**WHAT IS BEING ASKED**
Please, without any pictures, transcribe the lines from the one holding "Irish Wolfhound Looking" to the end of the listing, both ends included.

**SUPPLIED MATERIAL**
⁂
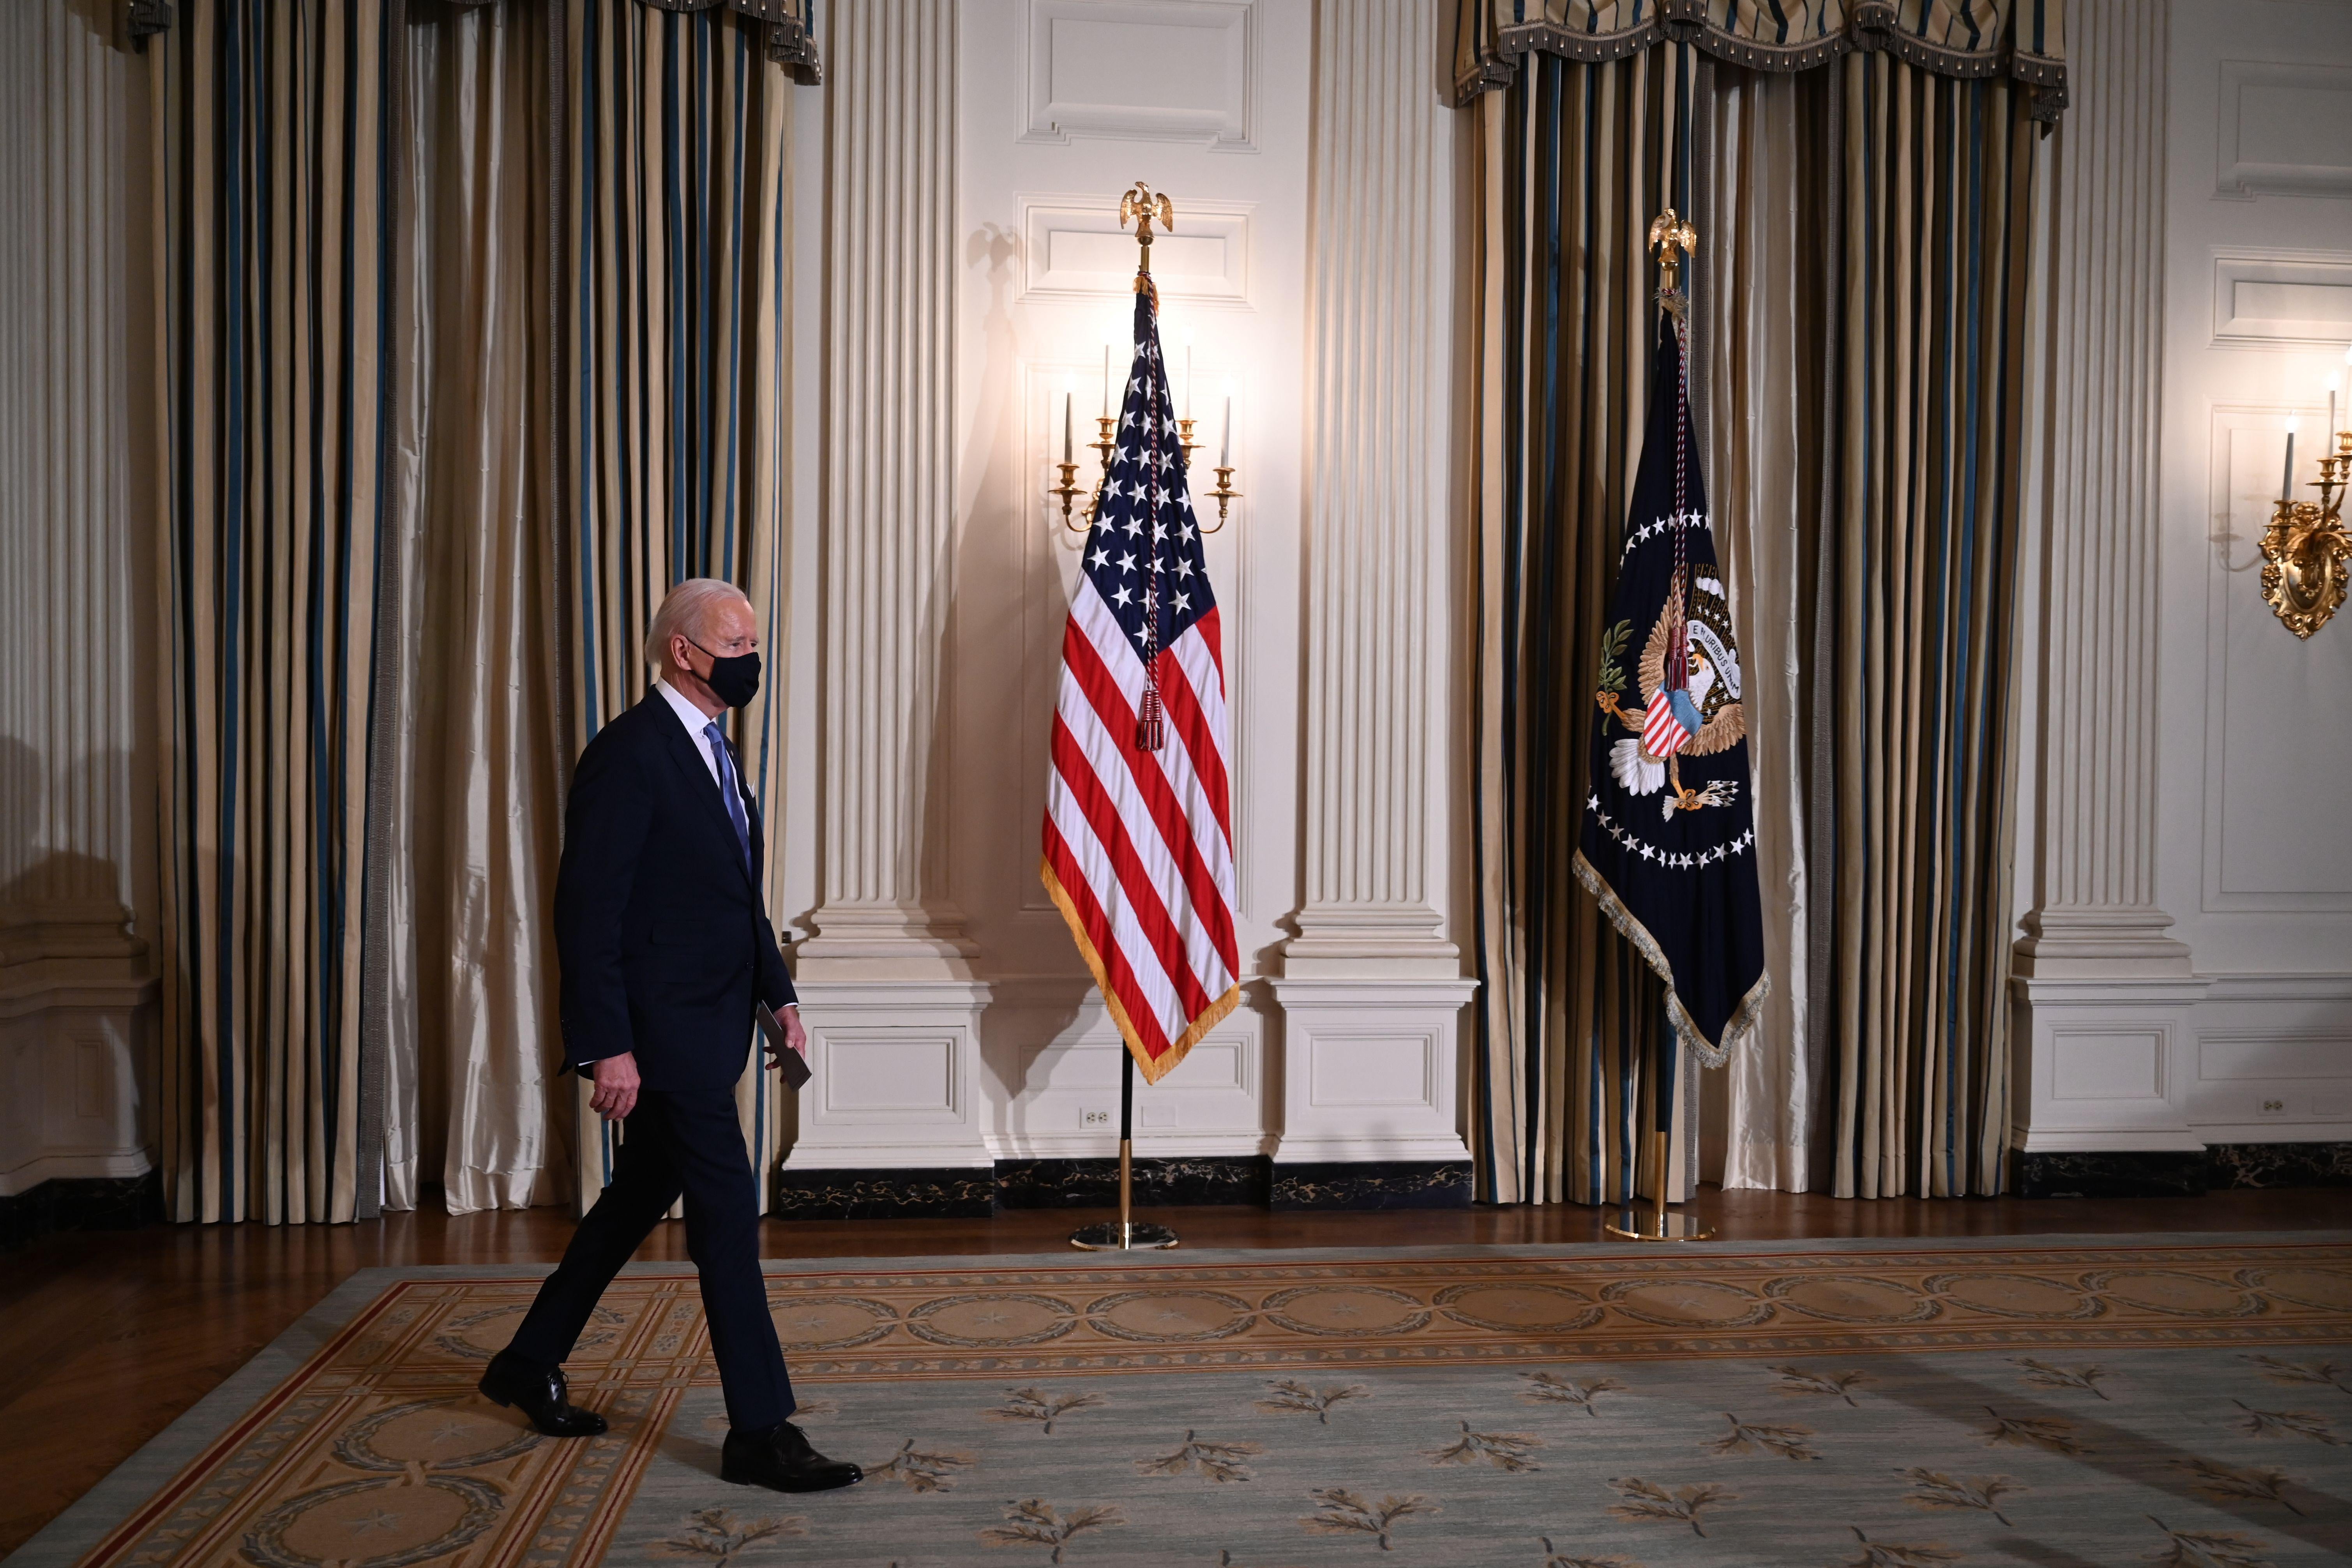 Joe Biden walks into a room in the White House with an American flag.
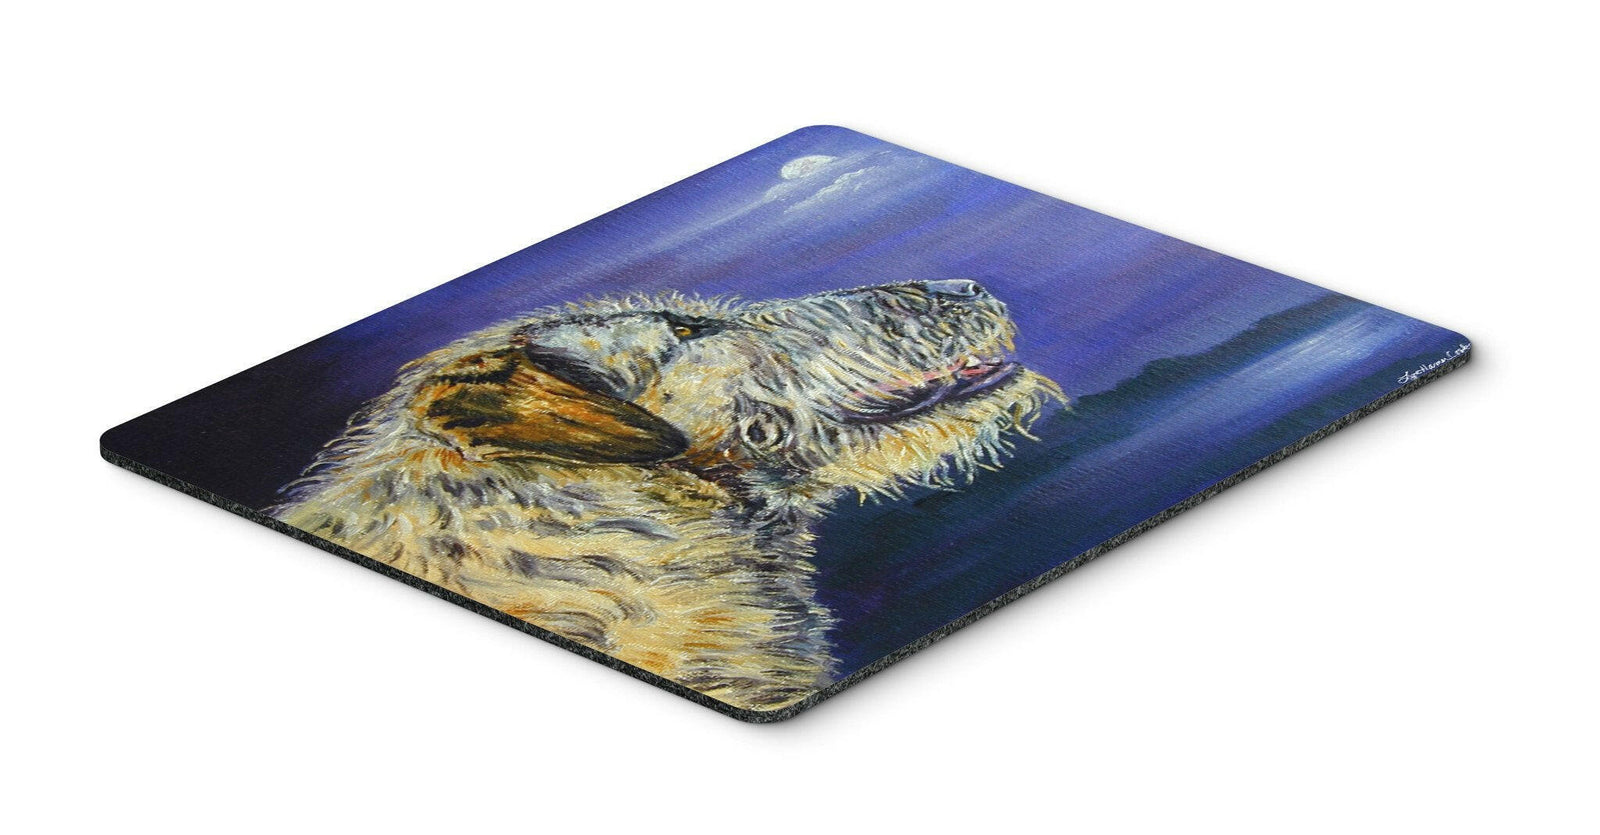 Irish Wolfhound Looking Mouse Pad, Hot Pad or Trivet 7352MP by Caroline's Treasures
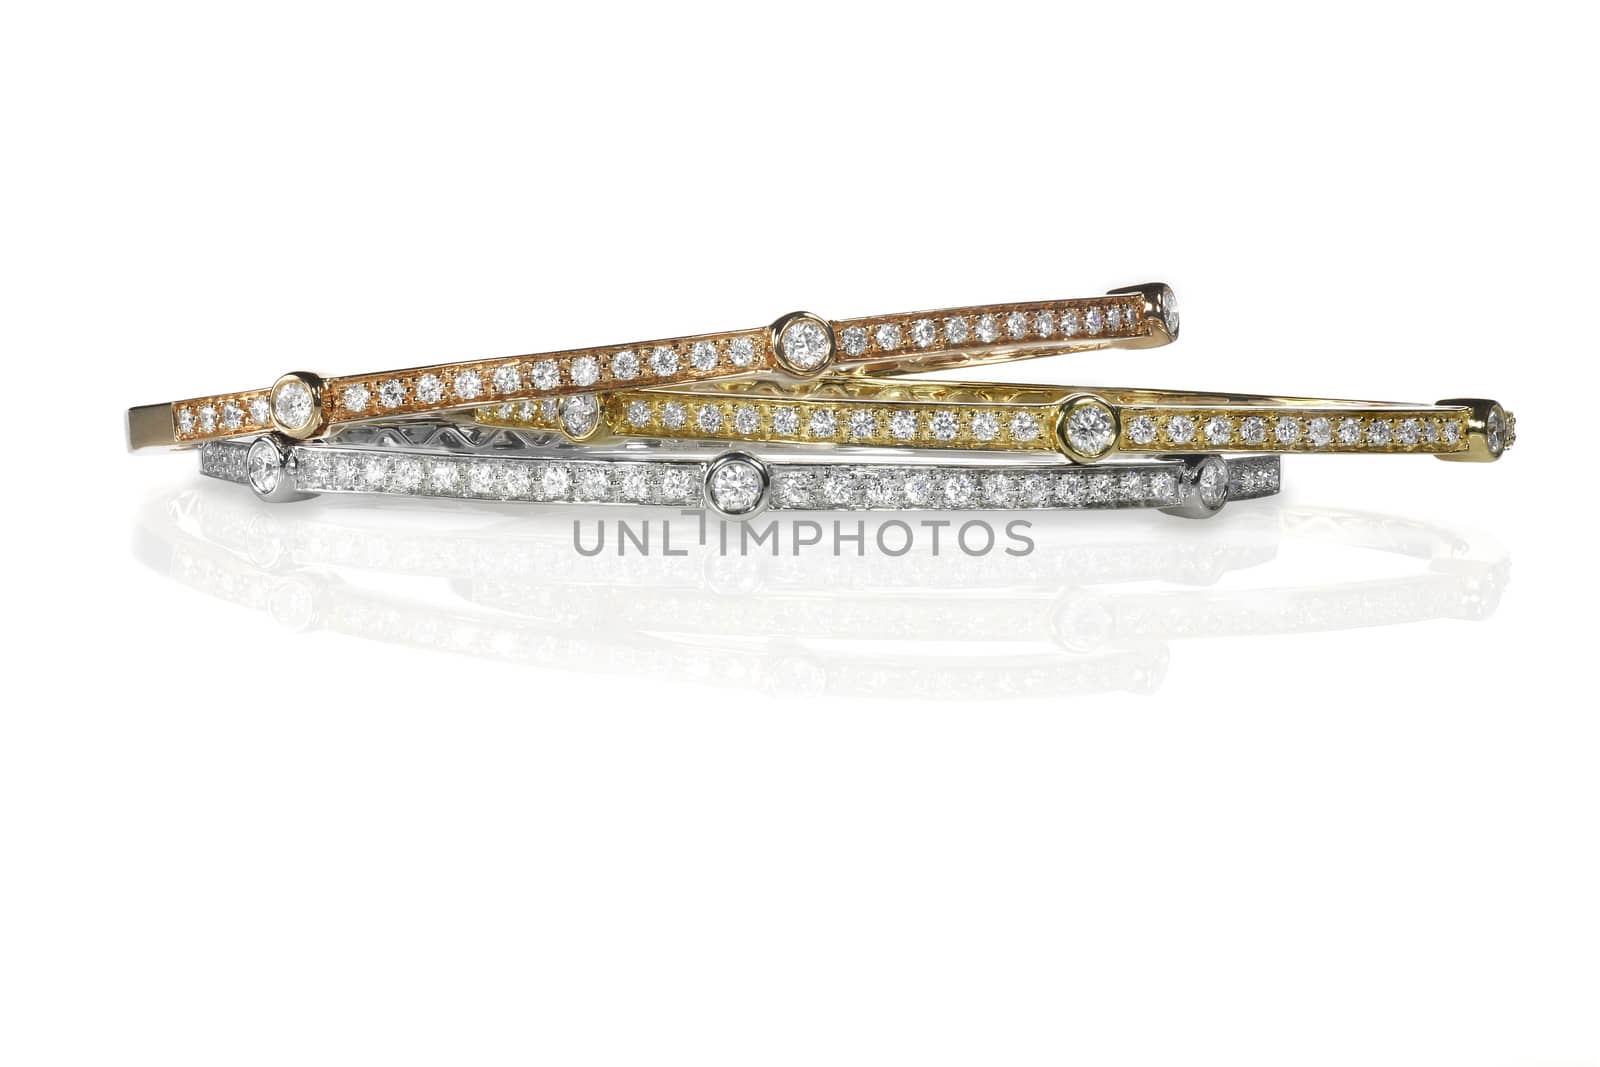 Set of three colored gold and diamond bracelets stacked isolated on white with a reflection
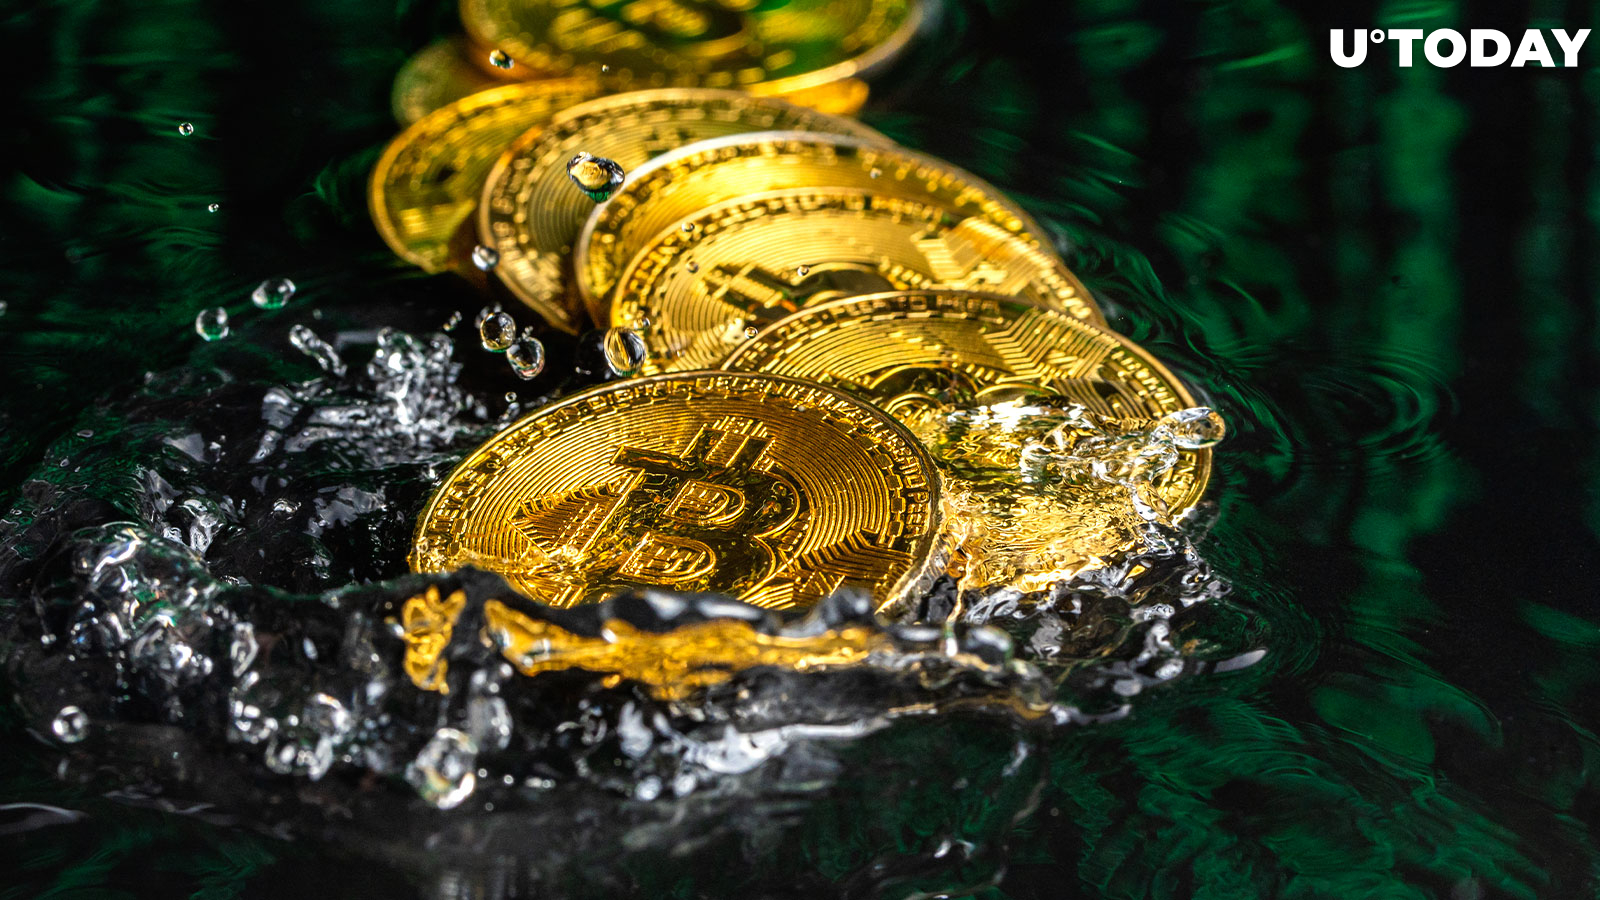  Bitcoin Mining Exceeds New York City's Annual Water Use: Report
⁂
**TASK ANSWER**
 Irish Wolfhound Looking Mouse Pad, Hot Pad or Trivet 7352MP by Caroline's Treasures
 Set of three colored gold and diamond bracelets stacked isolated on white with a reflection
  Bitcoin Mining Exceeds New York City's Annual Water Use: Report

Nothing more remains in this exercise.